Given information:
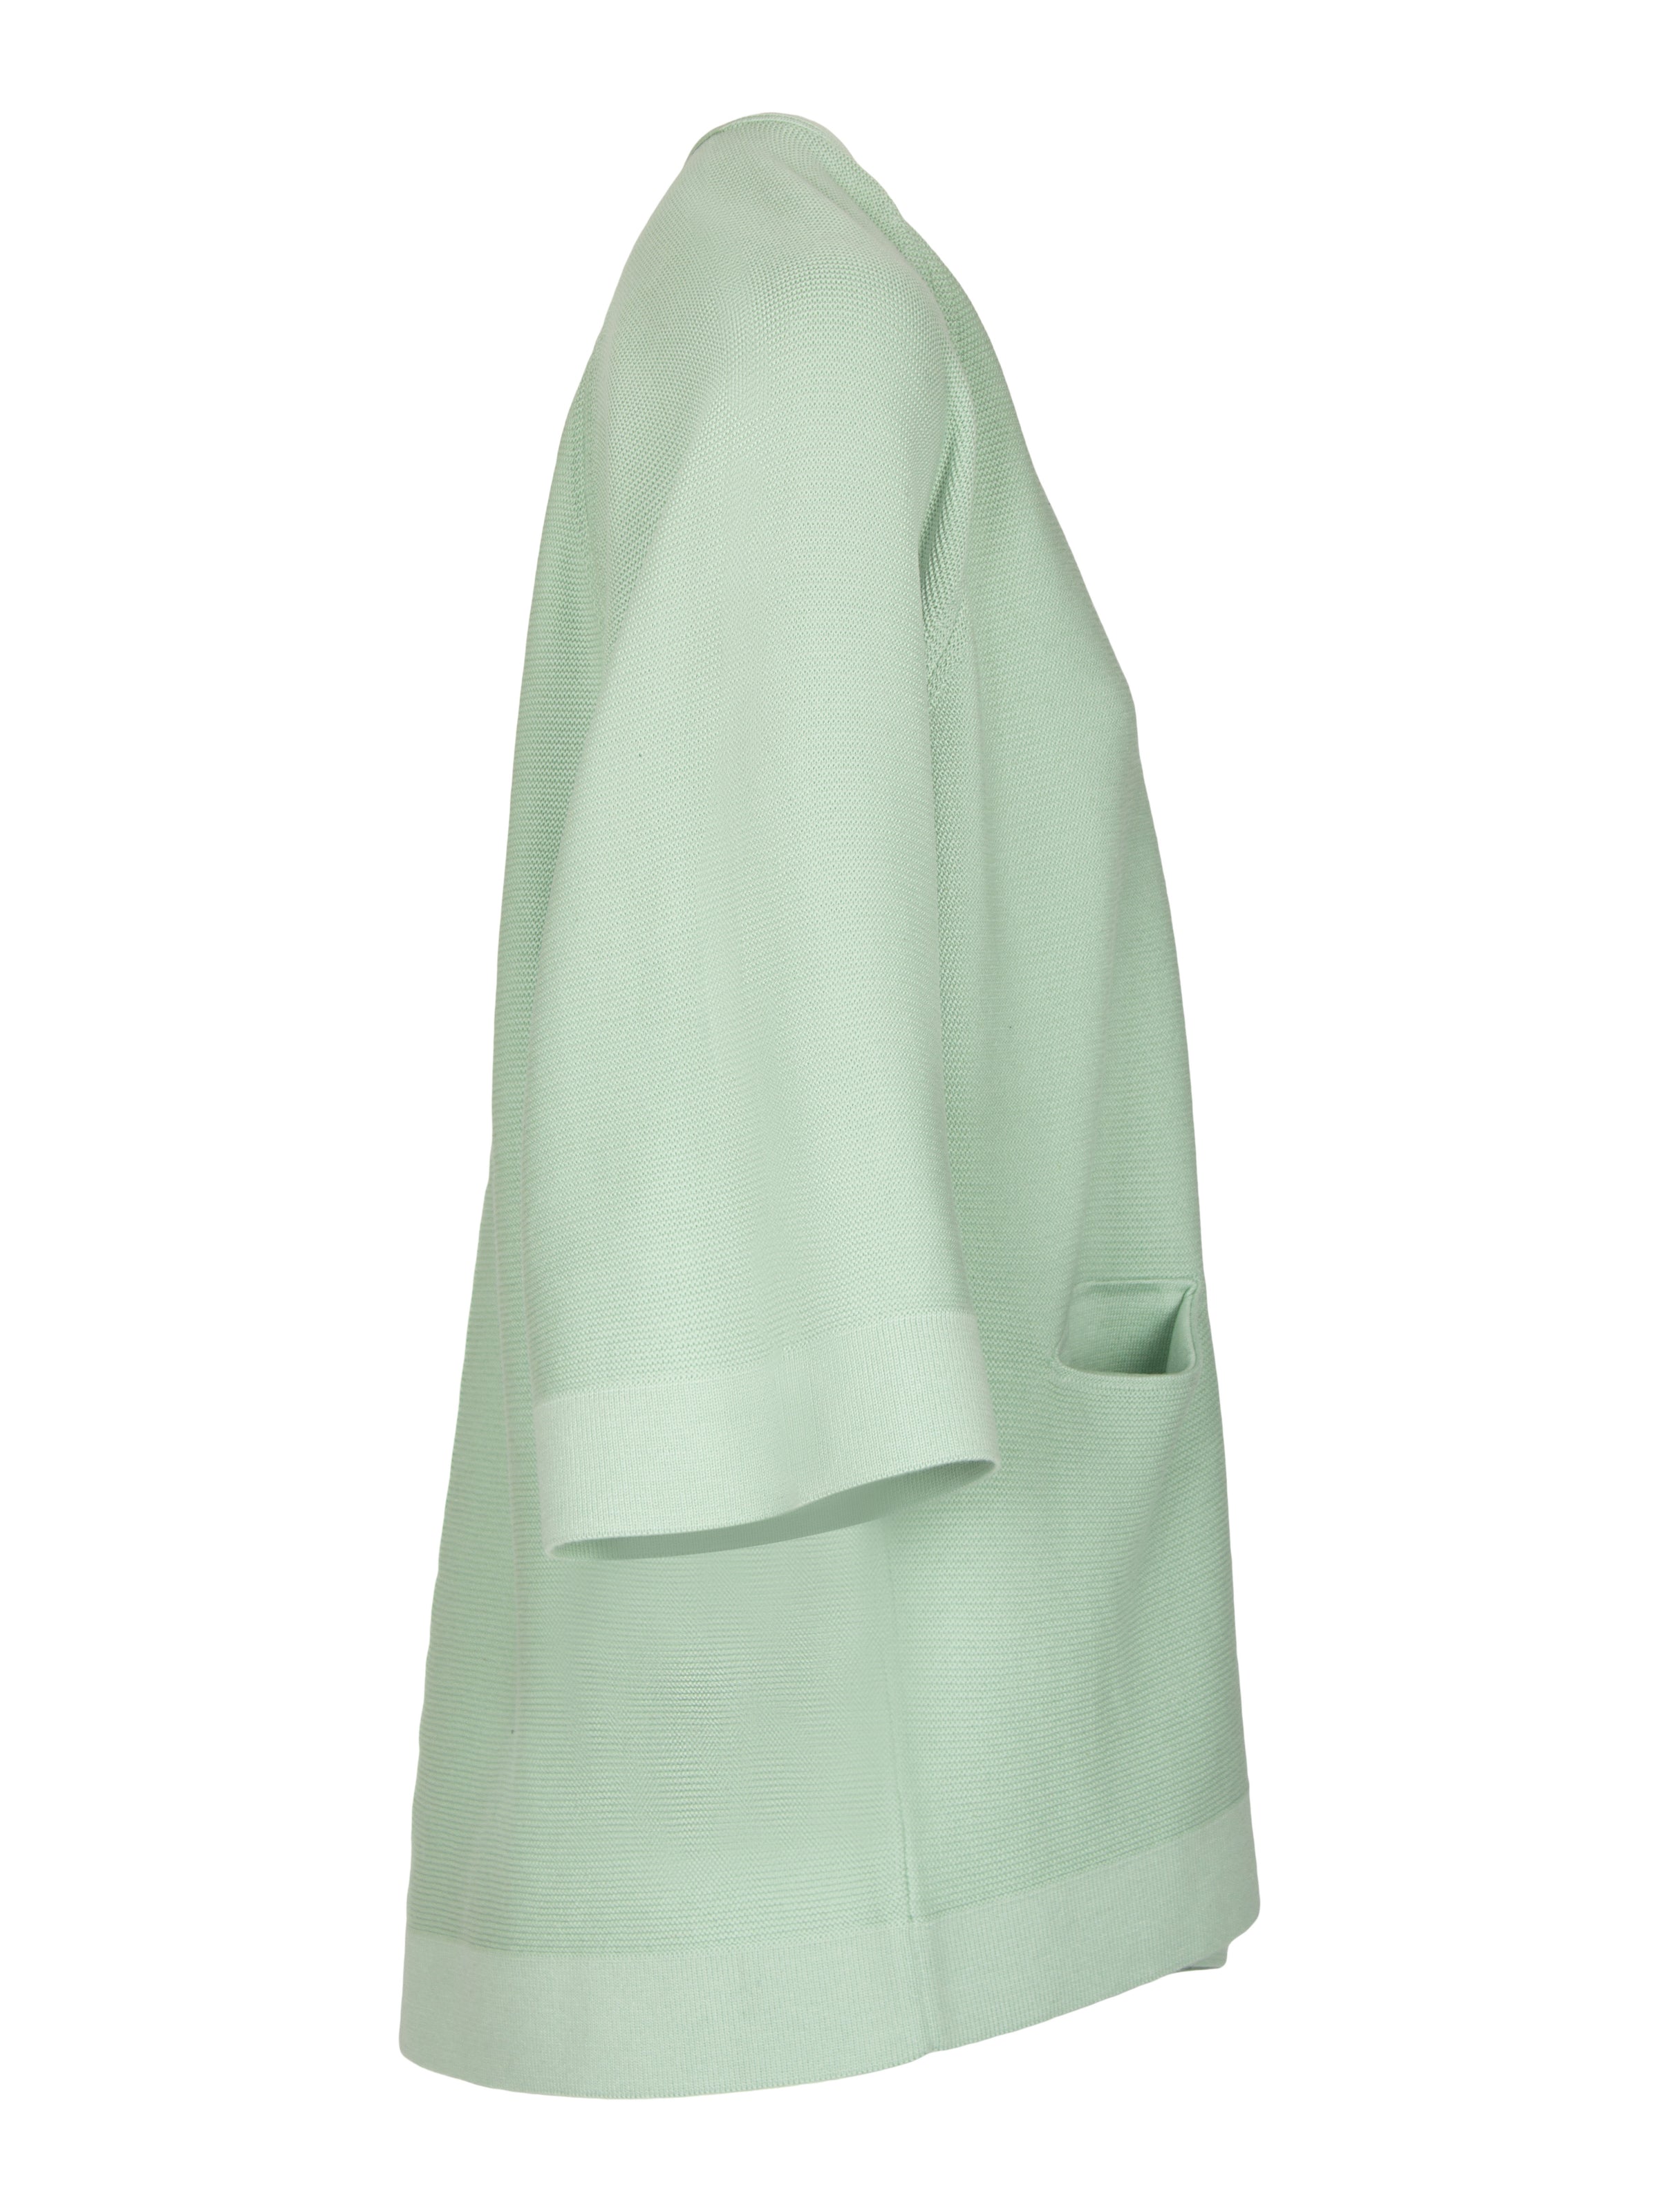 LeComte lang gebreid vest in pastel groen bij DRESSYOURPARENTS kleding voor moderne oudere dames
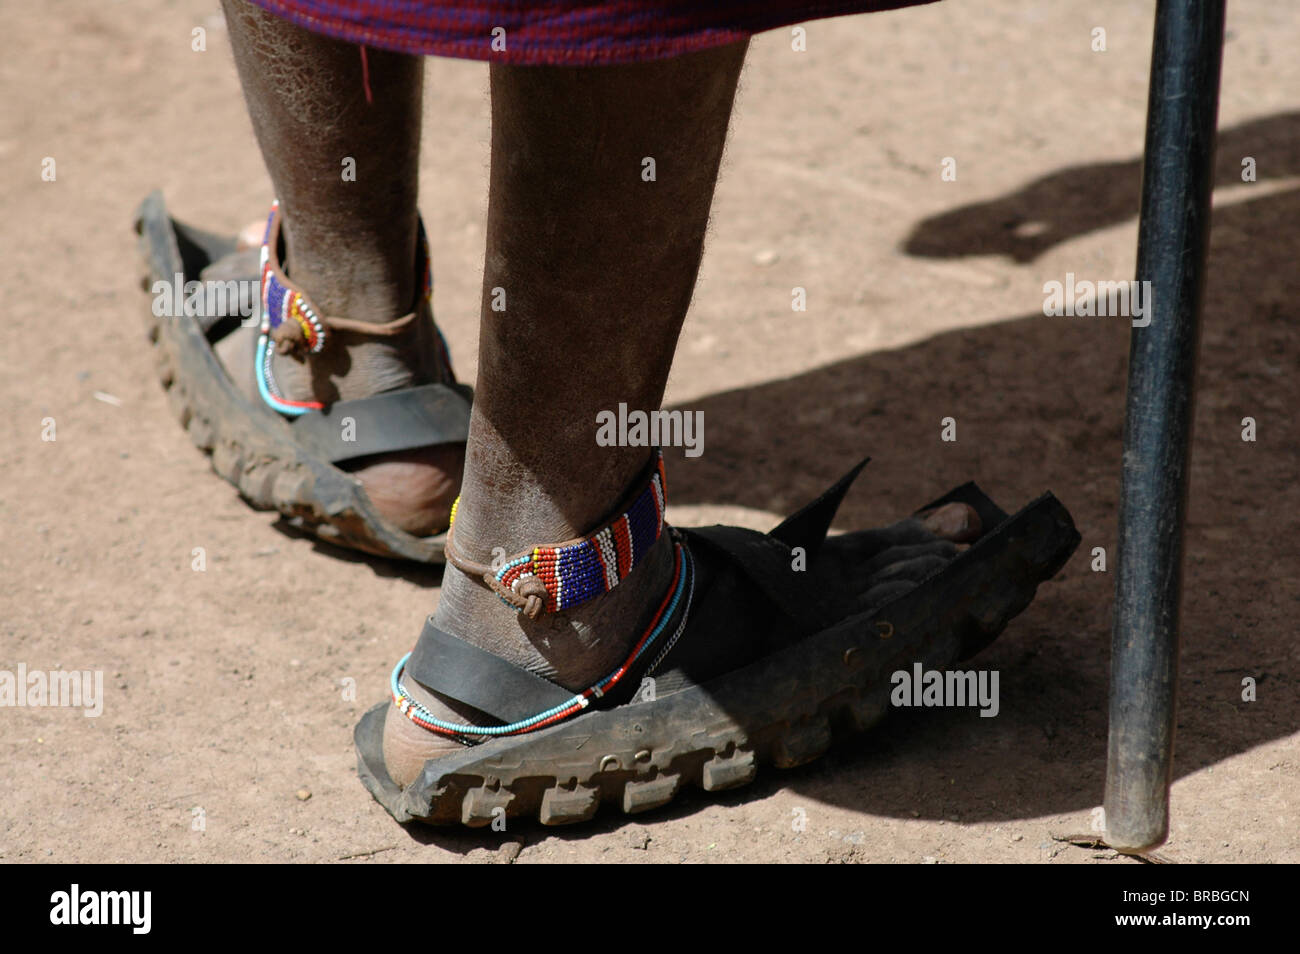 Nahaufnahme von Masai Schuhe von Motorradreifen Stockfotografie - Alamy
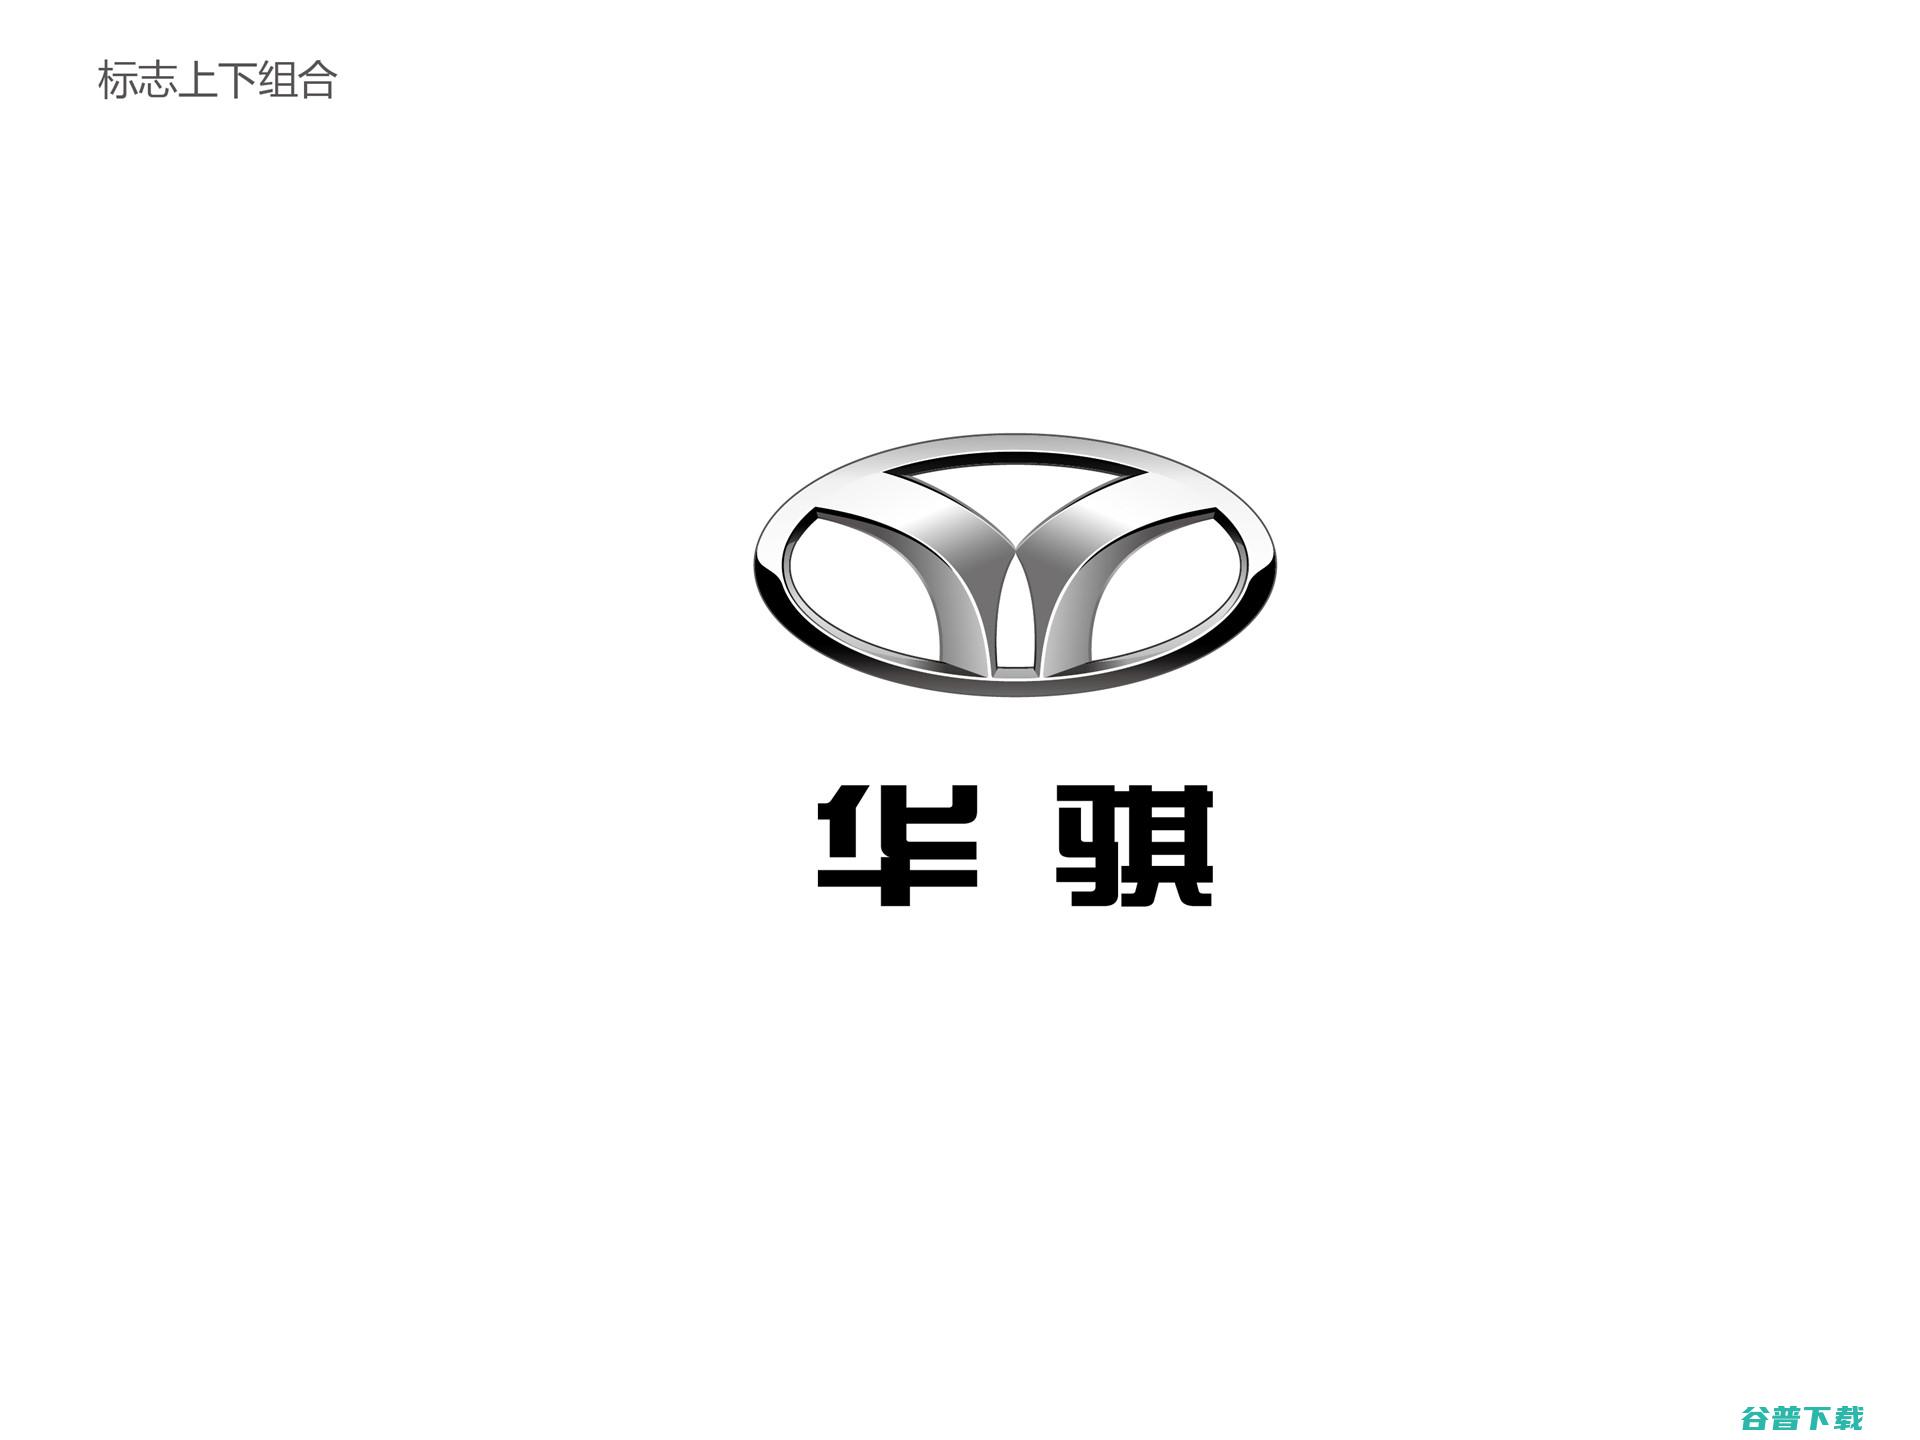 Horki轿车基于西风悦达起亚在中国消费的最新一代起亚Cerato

What is needed:
Copy the data above line for line, skipping every picture.

Your solution:
 LeComte lang gebreid vest in pastel groen bij DRESSYOURPARENTS kleding voor moderne oudere dames
 Nahaufnahme von Masai Schuhe von Motorradreifen Stockfotografie - Alamy
 Horki轿车基于西风悦达起亚在中国消费的最新一代起亚Cerato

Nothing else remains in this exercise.